Now that I’m off the soapbox, let’s take a step back. Forensic analysis is conducted by trained security and network analysts to investigate an event, or more likely a sequence of events, indicating fraud or misuse. An analyst may have an idea what to look for in advance, but more often you don’t actually know what you are looking for, and you need to navigate through thousands of events to piece together what happened and understand the breadth of the damage. This involves rewriting queries over and over to drill down and look at data, using different methods of graphing and visualization before finding the proverbial needle in the haystack.

The use cases for forensic analysis are numerous, including examination of past events and data to determine what happened in your network, OS, or application. This may be to verify something that was supposed to happen actually occurred, or to better understand whether strange activity was fraud or misuse. You might need forensic analysis for simple health checks on equipment and business operations. You may need it to scan user activity to support disciplinary actions against employees. You might even need to provide data to law enforcement to pursue criminal data breaches.

Unlike correlation and alerting, where we have automated analysis of events, forensic analysis is largely manual. Fortunately we can leverage collection, normalization, and correlation – much of the data has already been collected, aggregated, and indexed within the SIEM/LM platform.

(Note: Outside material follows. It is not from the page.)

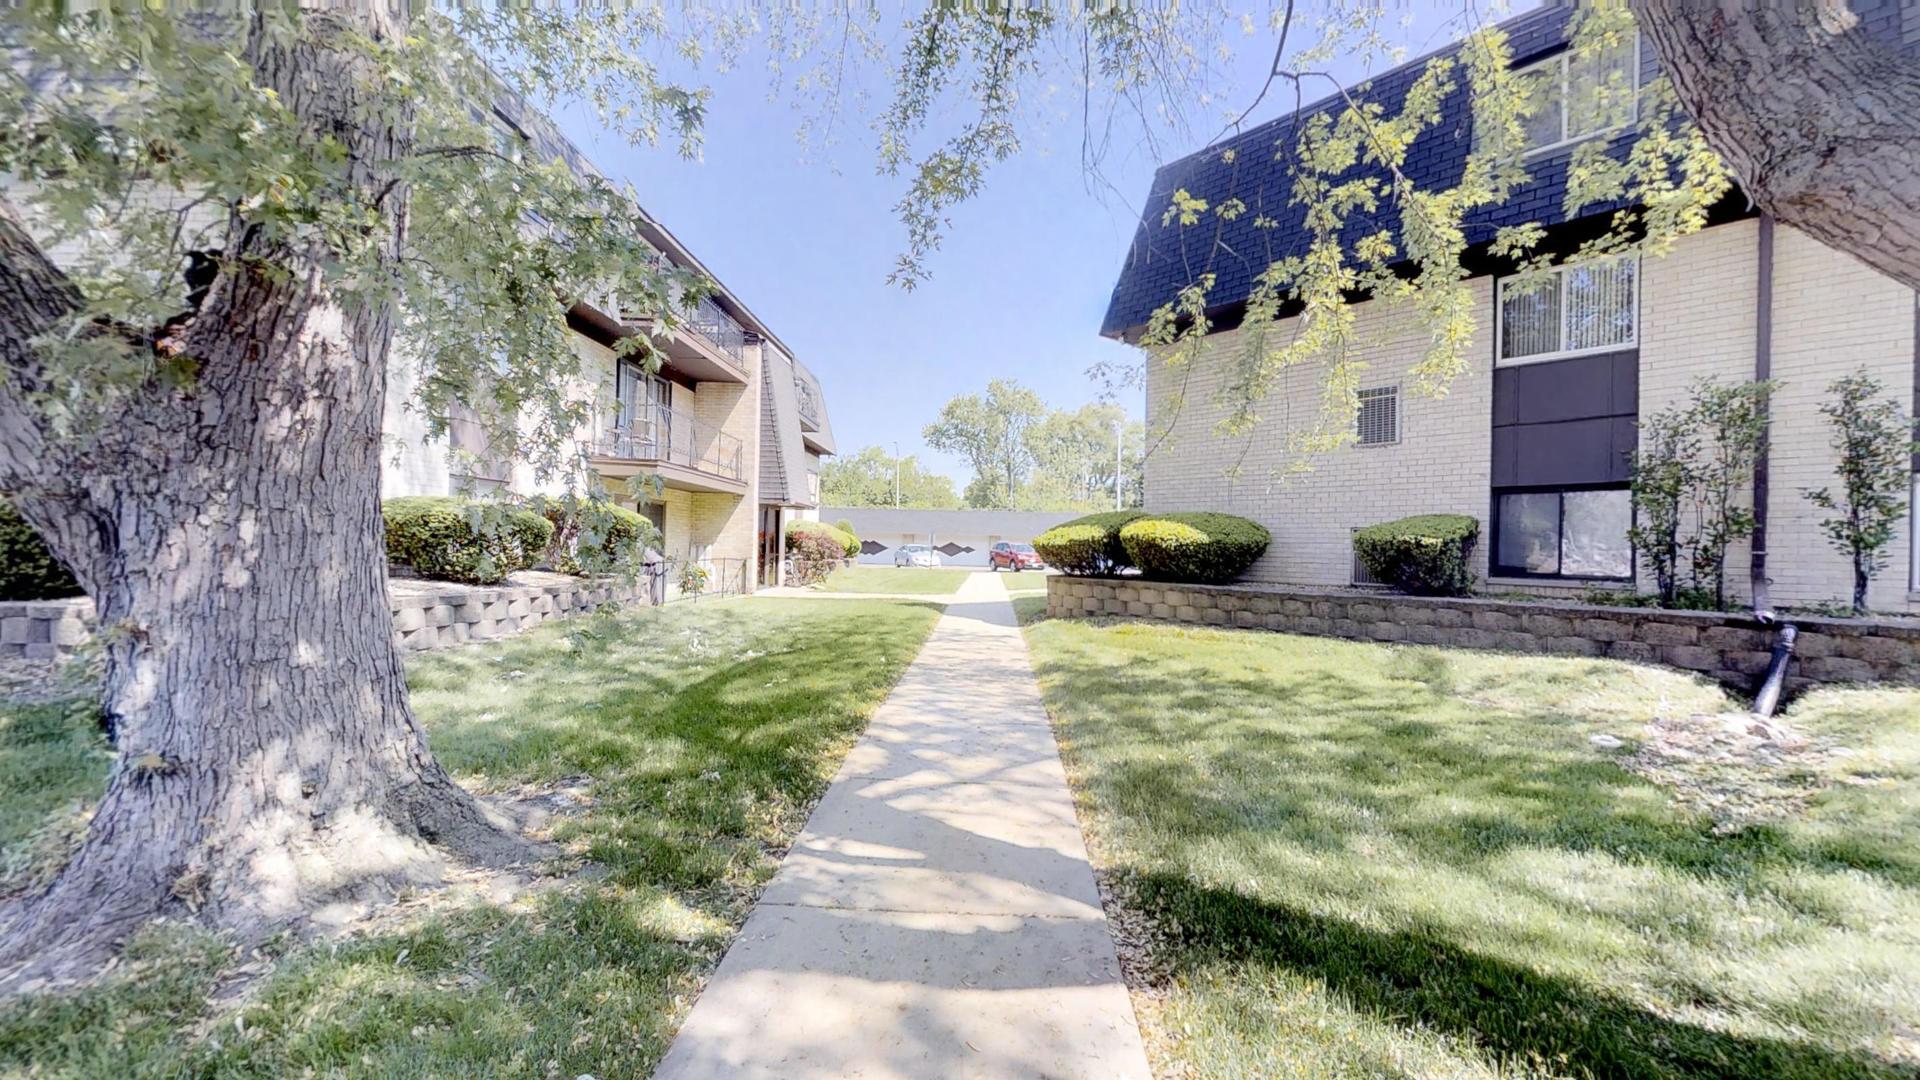 11109 South 84th 3B, Palos Hills, Illinois, 60465

A forensic analysis usually starts with data provided by a report, an alert, or a query against the SIEM/LM repository. We start with an idea of whether we are interested in specific application traffic, strange behavior from a host, or pretty much an infinite number of things that could be suspicious. We select data with the attributes we are interested in, gathering information we need to analyze events and validate whether the initial suspicious activity is much ado about nothing, or indicates a major issue.

These queries may be as simple as “Show all failed logins for user ‘mrothman’”, or as specific as “Show events from all firewalls, between 1 and 4 am, that involved this list of users”. It is increasingly common to examine application-layer or database activity to provide context for business transactions – for example, “list all changes to the general ledger table where the user was not ‘GA_Admin’ or the application was not ‘GA_Registered_App’.

There are a couple important capabilities we need to effectively perform forensic analysis:

  1. Custom queries and views of data in the repository
  2. Access to correlated and normalized data
  3. Drill-down to view non-normalized or supplementary data
  4. Ability to reference and access older data
  5. Speed, since forensics is usually a race against time (and attackers)

Basically the most important capability is to enable a skilled analyst to follow their instincts. Forensics is all about making their job easier by facilitating access, correlation, and viewing of data. They may start with a set of anomalous communications between two devices, but end up looking at application logs and database transactions to prove a significant data breach. If queries take too long, data is manipulated, or data is not collected, the investigator’s ability to do his/her job is hindered. So the main role of SIEM/LM in forensics is to streamline the process.

To be clear, the tool only makes the process faster and more accurate. Without a strong incident response process, no tool can solve the problem. Although we all get very impressed by a zillion built-in reports and cool drill-down investigations during a vendor demo, don’t miss the forest for the trees. SIEM/Log Management platforms can only streamline a process that already exists. And if the process is bad, you’ll just execute on that bad process faster.